[Extracted records]
>>>>>
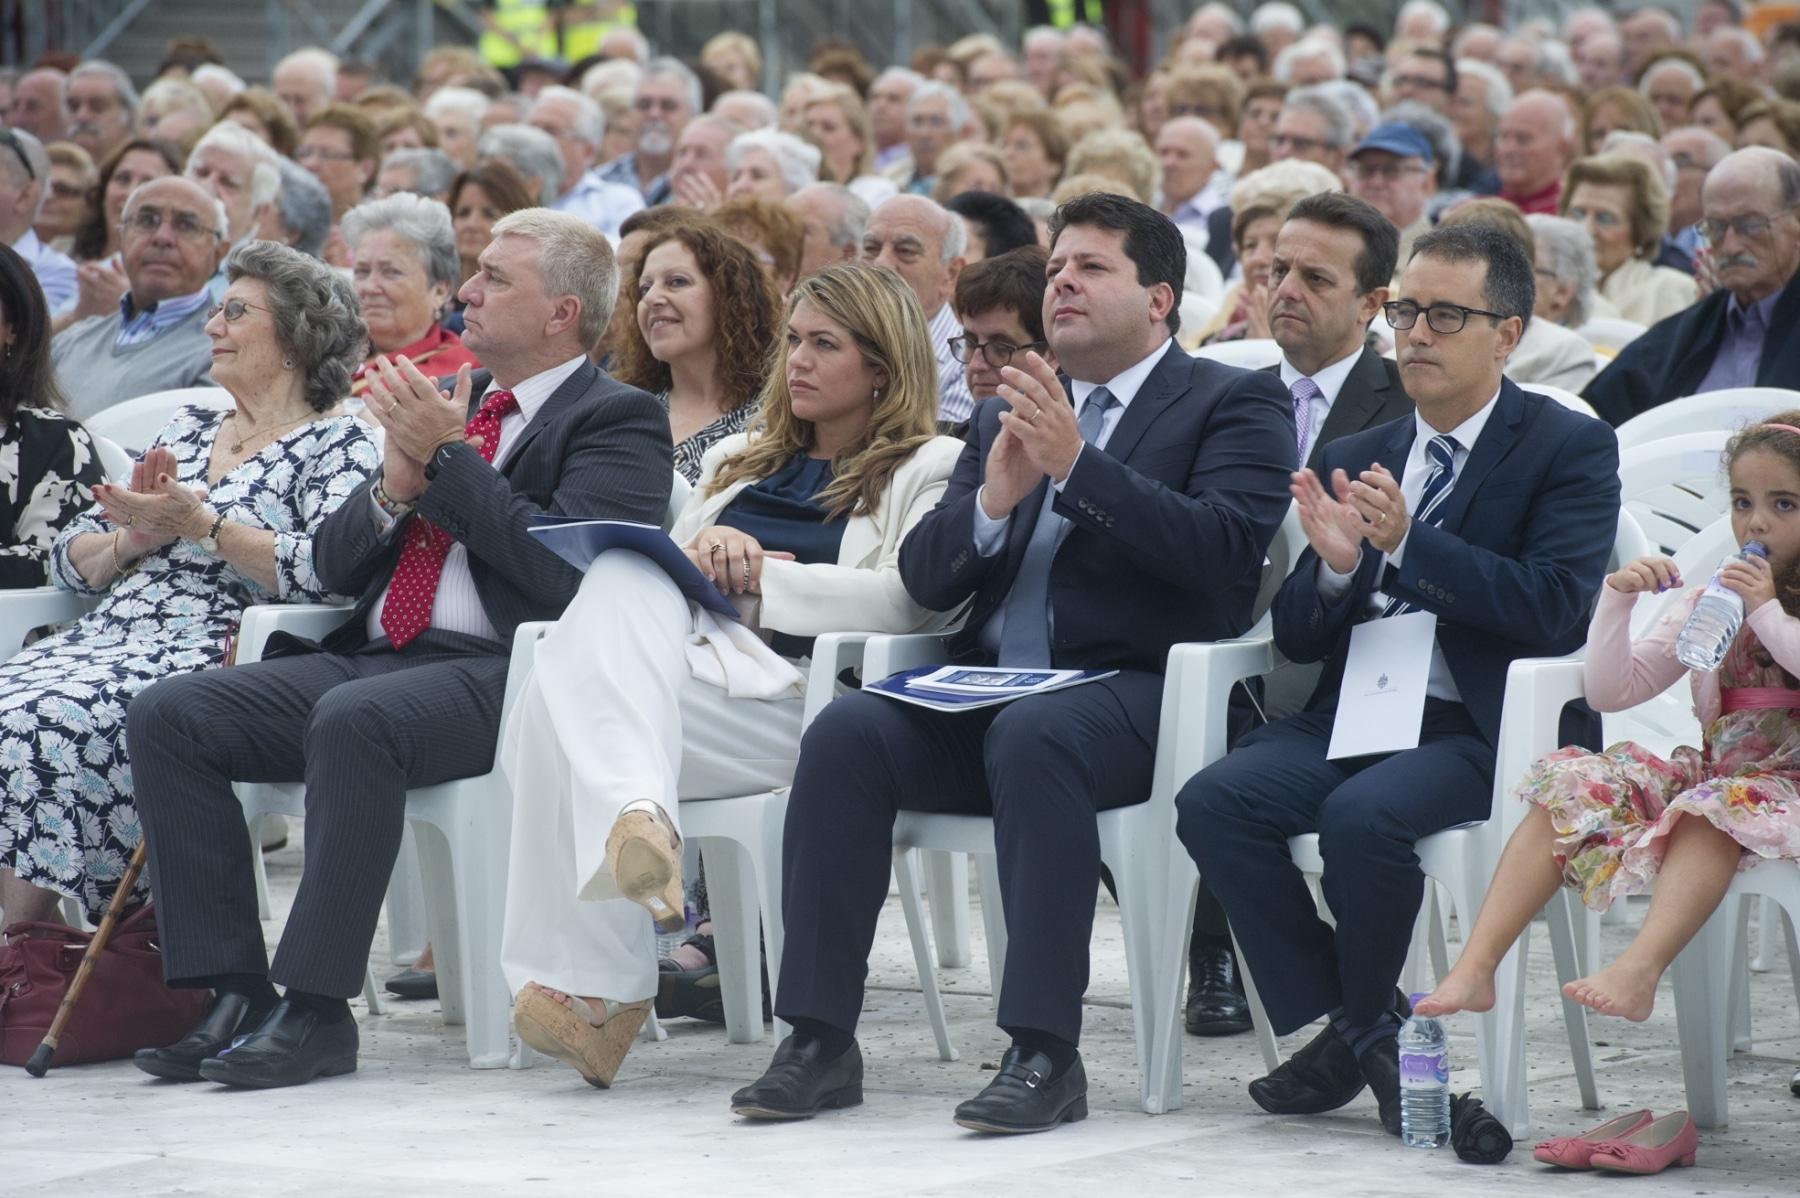 concierto-evacuados-de-gibraltar-07092015-45bn_20617814693_o
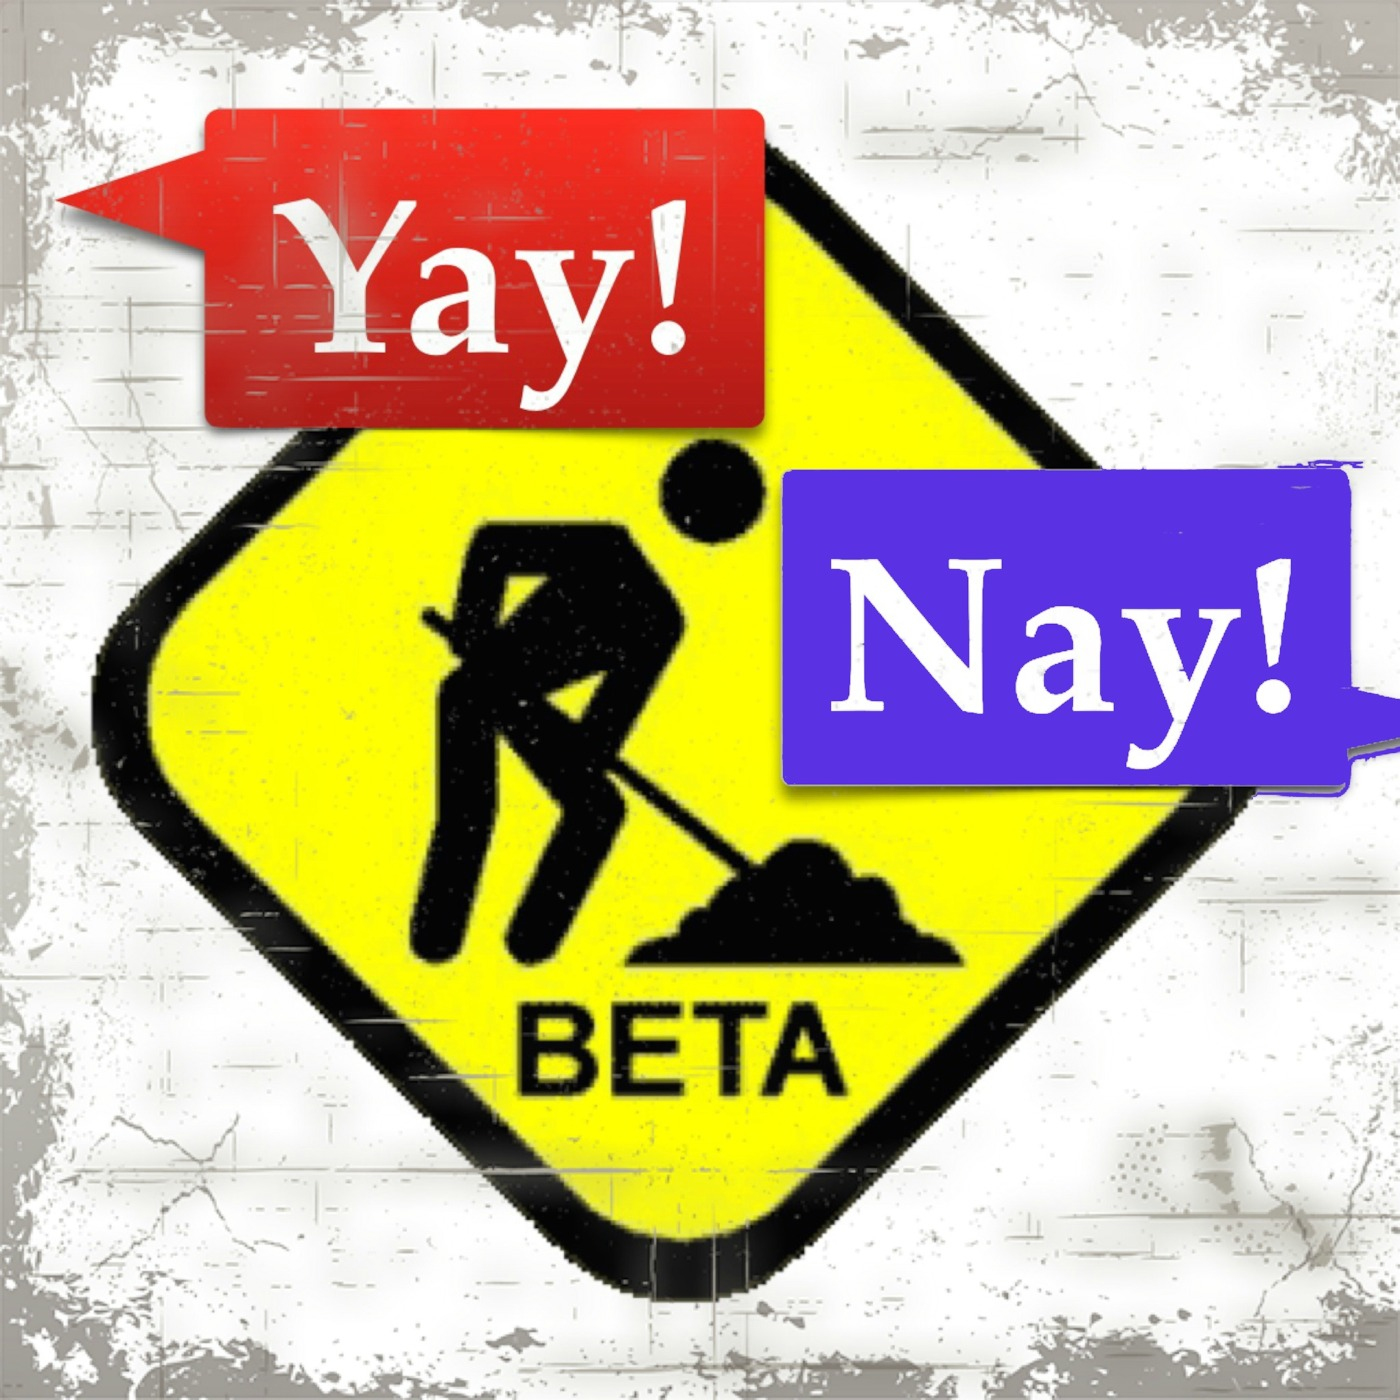 Yay-Nay
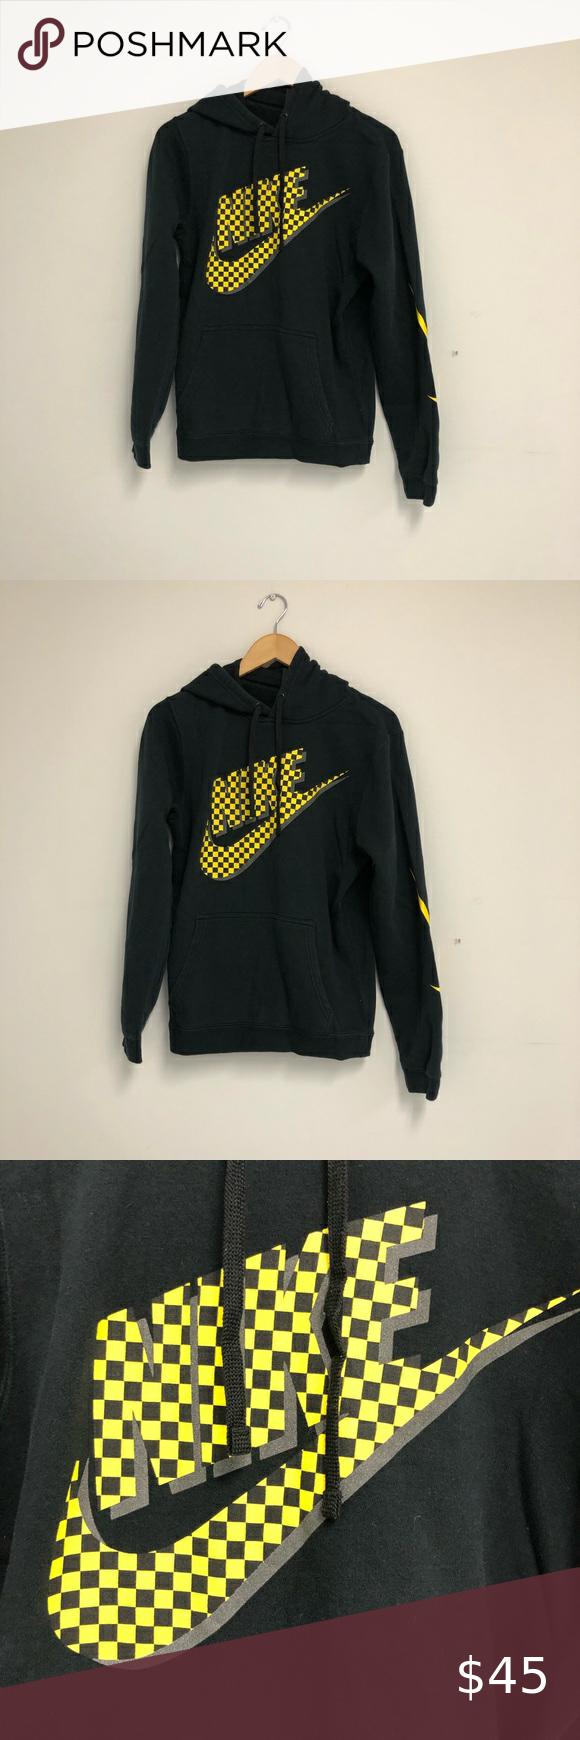 Nike Checkerboard Logo Hoodie Nike Checkerboard Logo Hoodie Size Small Good Used Condition Nike Shirts Sweatshirts Hoodi Sweatshirt Shirt Hoodies Nike Shirts [ 1740 x 580 Pixel ]
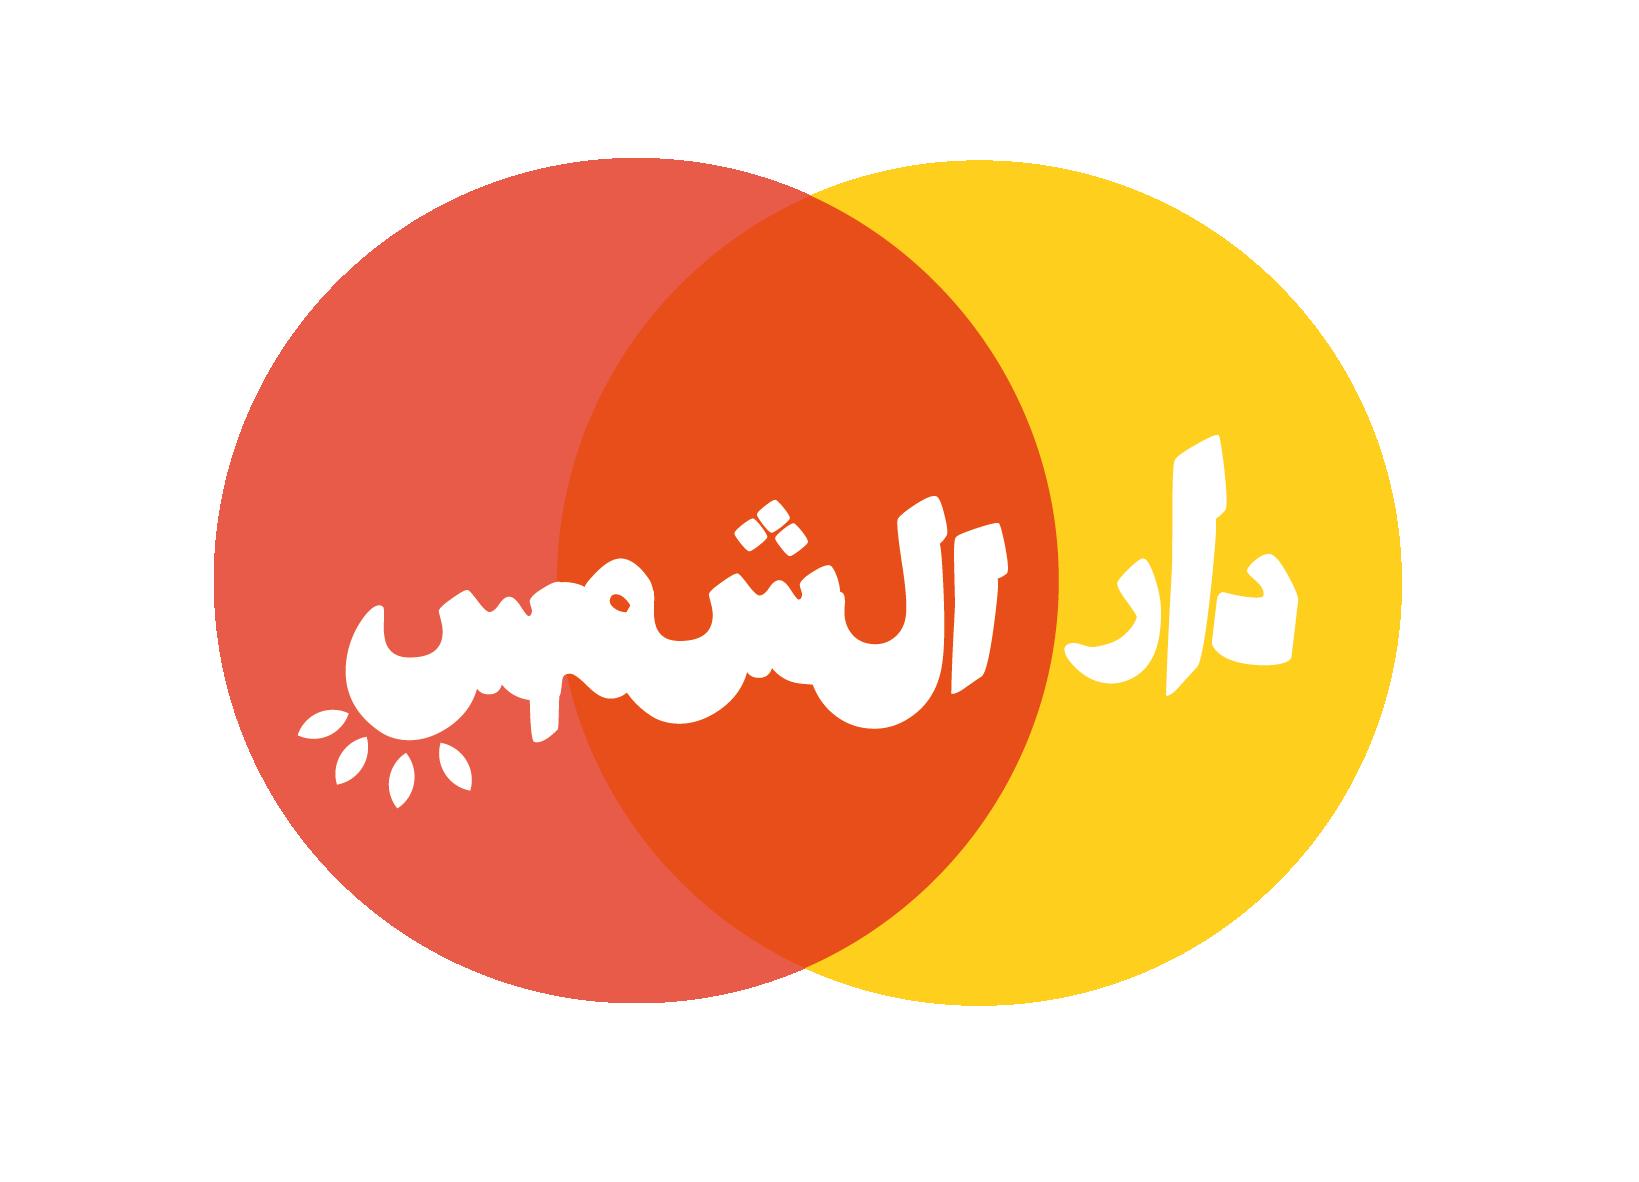 logo_Dar al Shams_final-13.png
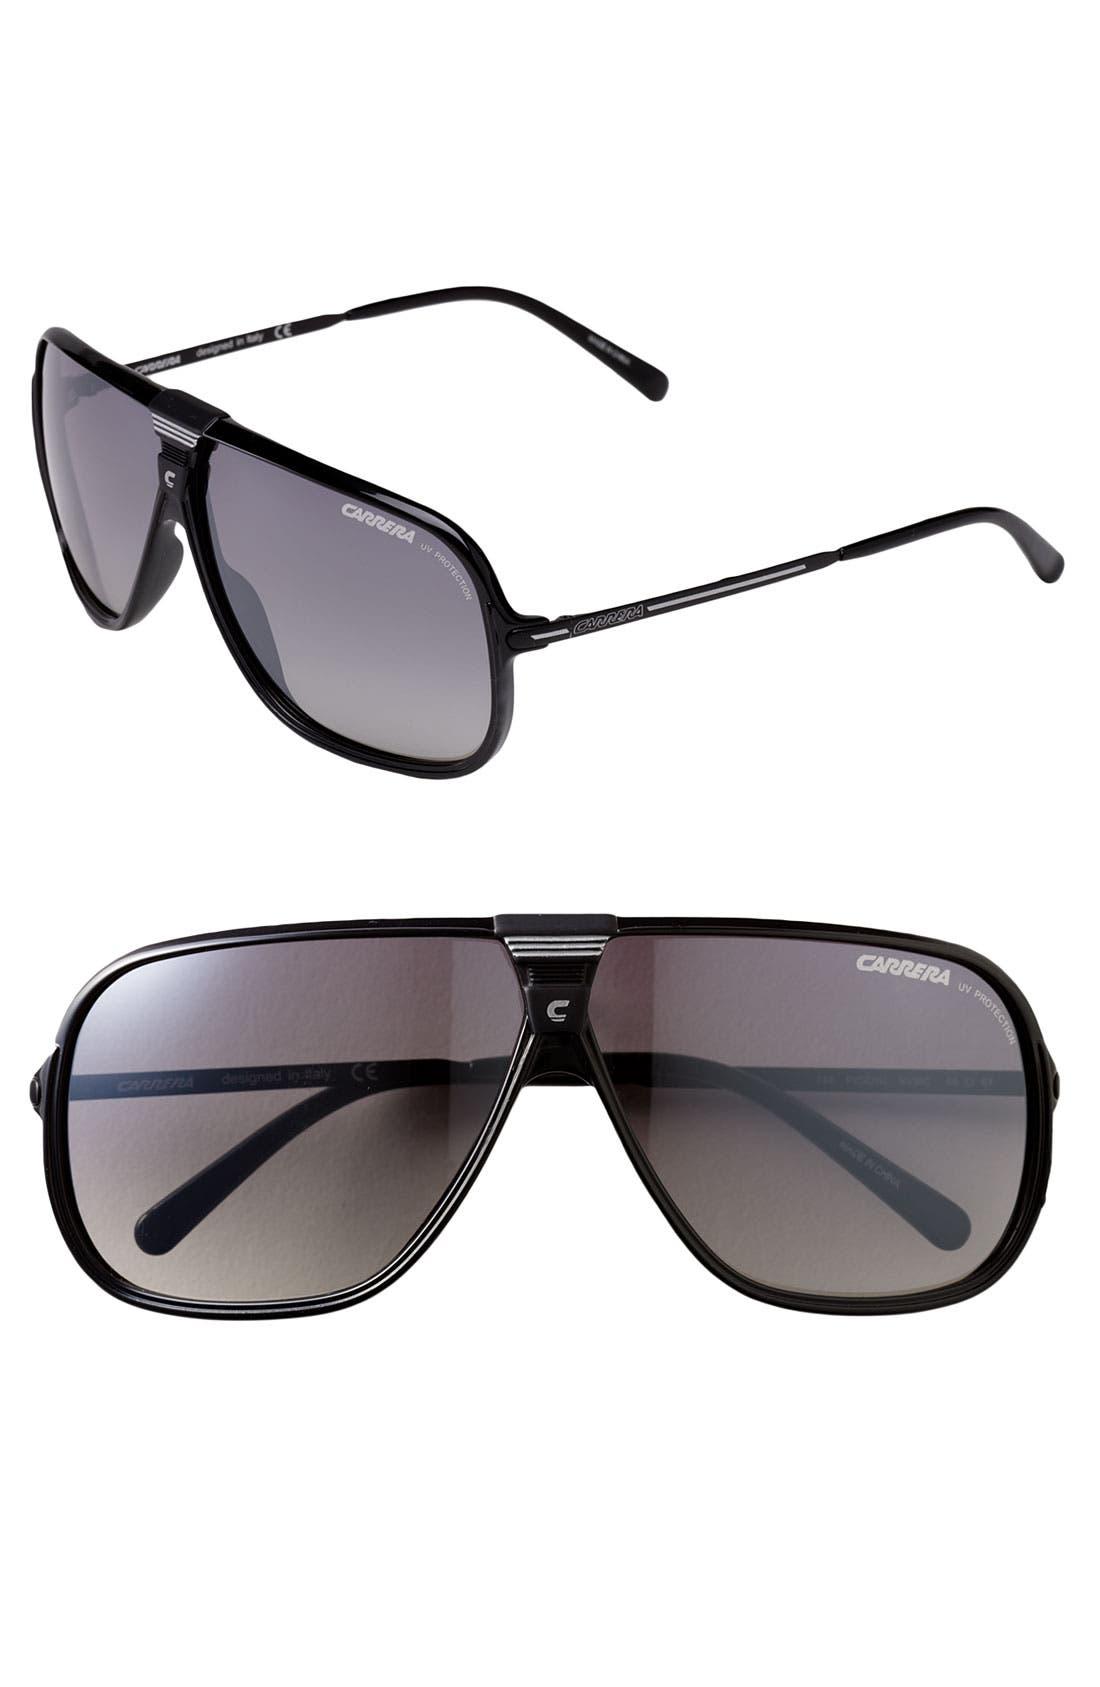 Main Image - Carrera Eyewear 'Picchu' Aviator Sunglasses
<<<<<
## DIRECTIONS
All lines from the one containing "Nike Checkerboard Logo Hoodie Nike" to the end of the entries should appear in the output exactly as written, with no pictures.

## COMPLETED TASK
 Nike Checkerboard Logo Hoodie Nike Checkerboard Logo Hoodie Size Small Good Used Condition Nike Shirts Sweatshirts Hoodi Sweatshirt Shirt Hoodies Nike Shirts [ 1740 x 580 Pixel ]
 logo_Dar al Shams_final-13.png
 Main Image - Carrera Eyewear 'Picchu' Aviator Sunglasses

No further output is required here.